The above second example is from the 1997 warm event. In this case, we note that the experimental forecasts are an improvement only when we consider the complete evolution over the full nine months. The forecast is worse during the first few months. So, we have to be careful about this approach. You can see the control run in red, again the blue one is GODAS and the green curves are my five forecasts. So, in terms of RMS error of the whole evolution, these green curves are better than the red curves, but there is a cost in this particular case.

V.  Caveats

The approach is very ad hoc. The approach that I have taken is to arbitrarily optimize the 9-month Nino 3.4 SST evolution. I could have easily chosen to optimize a different variable or for say three months. In either case, the results would be different. Since this procedure narrowly focuses on eastern Pacific SST, we must ask how much damage have we done to the forecast in other regions. In these specific cases, the other basins are only minimal affected, but this needs further consideration and many more cases.

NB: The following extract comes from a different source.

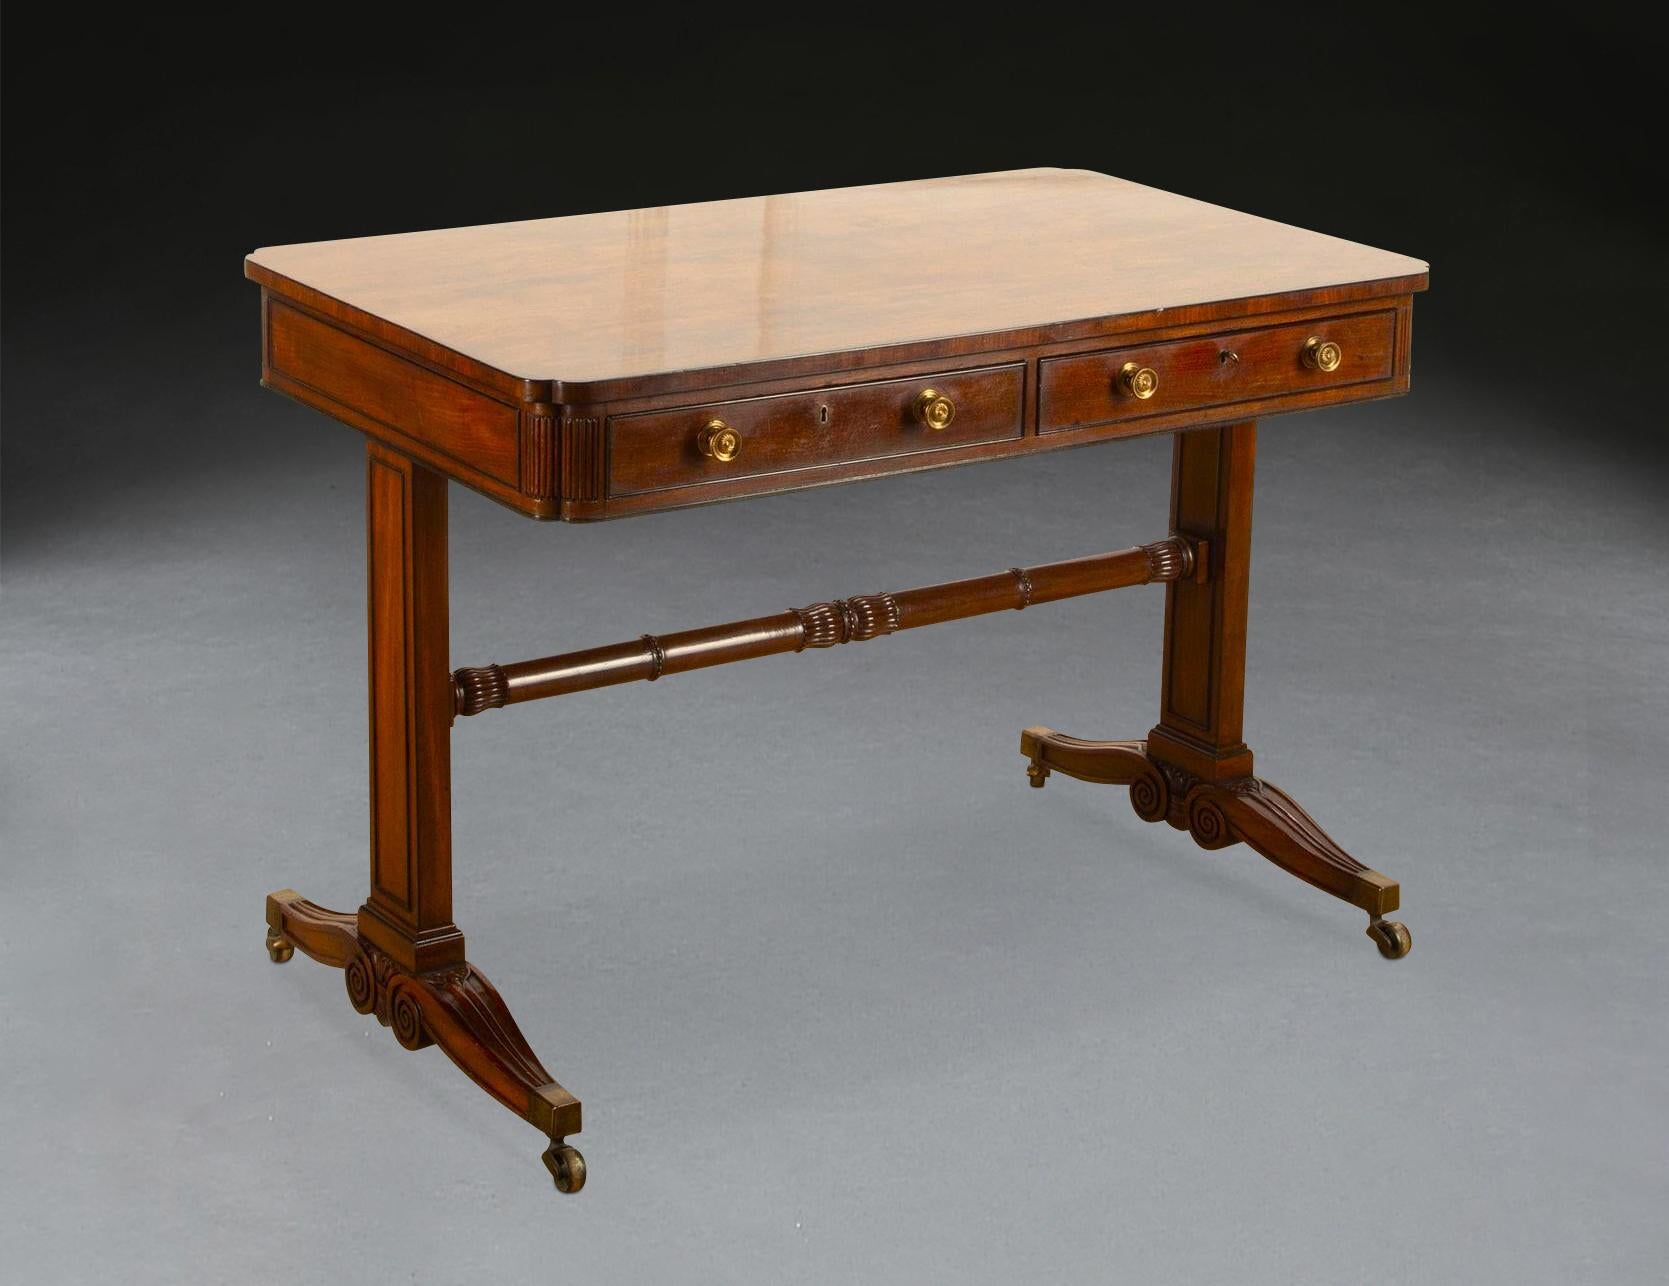 An elegant Regency library/centre table, of mahogany and ebony, the well figured top with re-entrant corners and ebony line inlay above a two drawer frieze with original brass knobs and ebony mouldings, with repeating re-entrant corners and reeded

This approach also has a very deterministic view on forecast problem - If I have a right initial condition, I can get perfect forecast or at least better forecast for 9 months. I think there is some risk there. There could be westerly wind events, various kinds of stochastic forcing during the evolution of the forecast that are the key to capturing the amplitude in 1997. This approach just can not do that, unless somehow you build these into the initial condition.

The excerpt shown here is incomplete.